Kiedyś byłem wariat Teraz już tylko przekraczam prędkość

Małe OT: jeśli chodzi o mój podpis to miał on uświadomić paru osobom w róznych klubach, że to iż kochają swoją markę nie znaczy tego, że inne wozy suxx i są niepotrzebnym trashem... Dodatkowo ponieważ w Fiat'n'Furious zaczeło to wręcz dochodzić do paranoi... (Fiat Uno Turbo nie jest wystarczającym autem do bycia klubowiczem...). Po stosownym opier... krzykacze schowali głowę w piasek. Akcja trwa....
  
 
Cytat:
2004-09-26 10:48:29, Quattro pisze:
Po pierwsze primo : To ja najpierw chcę zobaczyć te testy... Może wtedy uwierzę...



Kiedyś taki test, w którym stwierdzono ze na mokre lepsze są opony letnie był w Auto-Świecie. Moze ktoś czyta regularnie i ma archiwalne numery... Trochę by nam się sytuacja rozjaśniła

Pozdrawiam
  
 
Cytat:
2004-09-26 10:48:29, Quattro pisze:
Jeśli ktoś twierdzi, że opony letnie są lepsze w zimie to: a.) nie jeździł nigdy samochodem tylnonapędowym



Nigdy to moze za duzo powiedziane, choc rzeczywiscie niewiele z "tylu" pamietam Ale na pewno wiem, jak sie zachowuje "oska" i "czteronaped"

Cytat:
b.) nigdy nie jechal ponad 200 km/h (a już tym bardziej na obu typach gum)



Po sniegu to rzeczywiscie chyba jeszcze nie jechalem ale po asfalcie to sie zdarzalo...

Cytat:
c.) nigdy nie jechał zimą po suchej szosie (na mrozie) ponad 140 na laczkach zimowych i ponad 120 na letnich.



Jakbys napisal "po sniegu" to bym sie zgodzil, ale problemu z jazda "po suchej szosie" nie rozumiem

Cytat:
d.) nigdy nie jechał ponad 150 na mieście... Kiedyś byłem wariat Teraz już tylko przekraczam prędkość



Tez sie staram

Cytat:
Małe OT: jeśli chodzi o mój podpis to miał on uświadomić paru osobom w róznych klubach, że to iż kochają swoją markę nie znaczy tego, że inne wozy suxx i są niepotrzebnym trashem...



HOWGH!!

Cytat:
Dodatkowo ponieważ w Fiat'n'Furious zaczeło to wręcz dochodzić do paranoi...

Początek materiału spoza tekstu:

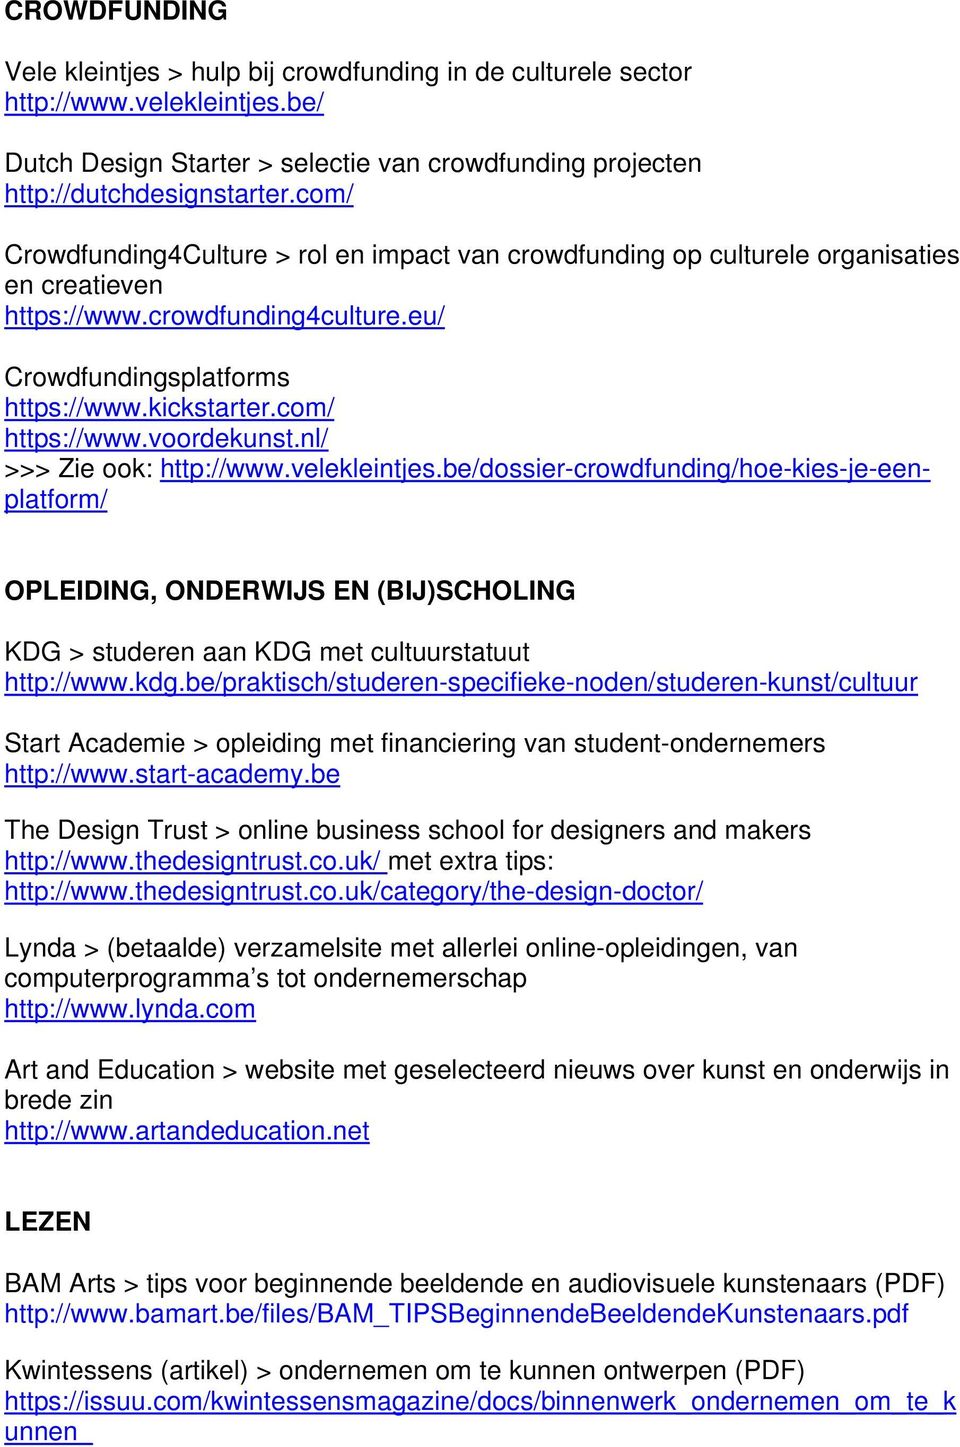 voordekunst.nl/ >>> Zie ook: http://www.velekleintjes.be/dossier-crowdfunding/hoe-kies-je-eenplatform/ OPLEIDING, ONDERWIJS EN (BIJ)SCHOLING KDG > studeren aan KDG met cultuurstatuut http://www.kdg.

E... tam... Uno Turbo jest fajne


No, co by nie gadac, to wychodze na goscia, ktory promuje jazde na slicku po lodzie Jezeli ktos czyta ten watek z nadzieja na przytakniecie pomyslowi pozostania caly rok na letnich gumach, to ja sie ide powiesic Absolutnie NIE!! Po prostu z technicznego punktu widzenia zwykle szersza i twardsza dobra opona letnia ma nawet na zimnym asfalcie przewage nad wiekszoscia zimowek z dolnej i sredniej polki (w tym z pewnoscia nad tymi kolcowanymi).
Generalnie na zime NALEZY zakladac zimowki. W zaleznosci od preferencji "miejskie" lub "agresywne". Rajem dla "miejskich" jest asfalt, choc i na sniegu sobie dosyc dobrze radza. Te moga sie okazac porownywalne, lub nawet lepsze od letnich na asfaltach.
"Agresywne" o bardziej "kartoflanym" jak sie czasem mowi biezniku (zwykle o nizszych indeksach predkosci) lepiej sie sprawuja na sniegu i lodzie, lecz odczuwalnie plywaja i odjezdzaja na asfaltach. No coz... Cos za cos.
Jakby kto pytal, to ja od pierwszego sniegu na Debicy Frigo. A jak sie skoncza, to byc moze Bridgestone Blizzak LM_costam.
I prosze mi ZADNYCH LETNICH NA SNIEGU!!

Pozdrowienia!!
  
 
a teraz takie pytanie !!

od jakiego momentu nalezy załozyć zimowki??

-Czy od pierwszego śnegu
-czy od temperatury 5 stopni C
-czy od jeszcze innych warunkow


Ja stosuję się do tych 5 stopni. I wydaje mi się że jest to calkiem prawidlowe. Ponieważ jesli ktoś jeżdzi nocą albo z samego rana to może być jakiś przygruntowy przymrozek i jezdnia może być śliska


Pozdrawiam
  
 
Ja zakładam od pierwszego poważnego śniegu. Lekkie opady (do kilku cm) w temperaturze oscylującej z rana w okolicy 0st szybko się roztapiają, a w dzień pod wpływem słońca asfalt nagrzeje się do kilkunastu stopni. W tej temperaturze moje kapcie robią się miękkie więc wolę poczekać do porządnej zimy niż gubić niepotrzebnie bieżnik.
Pozdro.
  
 
a ja od paru lat na świeta zmarłych zakładam
taki termin sobie wybrałem
  
 

A u mnie akurat ktoś zawsze wstaje wcześniej niz ja i tak sie umówiliśmy, ze jak jest ślisko (śnieg/gołoledź) to budzą mnie pół godzinki wcześniej, ja się zwlekam z łóżka, samochód przed dom, podnośnik w łapę i zmieniam 4 kółka
Zmieniam spowrotem na letnie tak na czuja...

Pozdrawiam
  
 
Cytat:
2004-09-25 13:31:23, pin555 pisze:
Jak na suchy czy mokry asfalt (takie ostatnio bywaja zimy), to najlepsze beda... opony letnie.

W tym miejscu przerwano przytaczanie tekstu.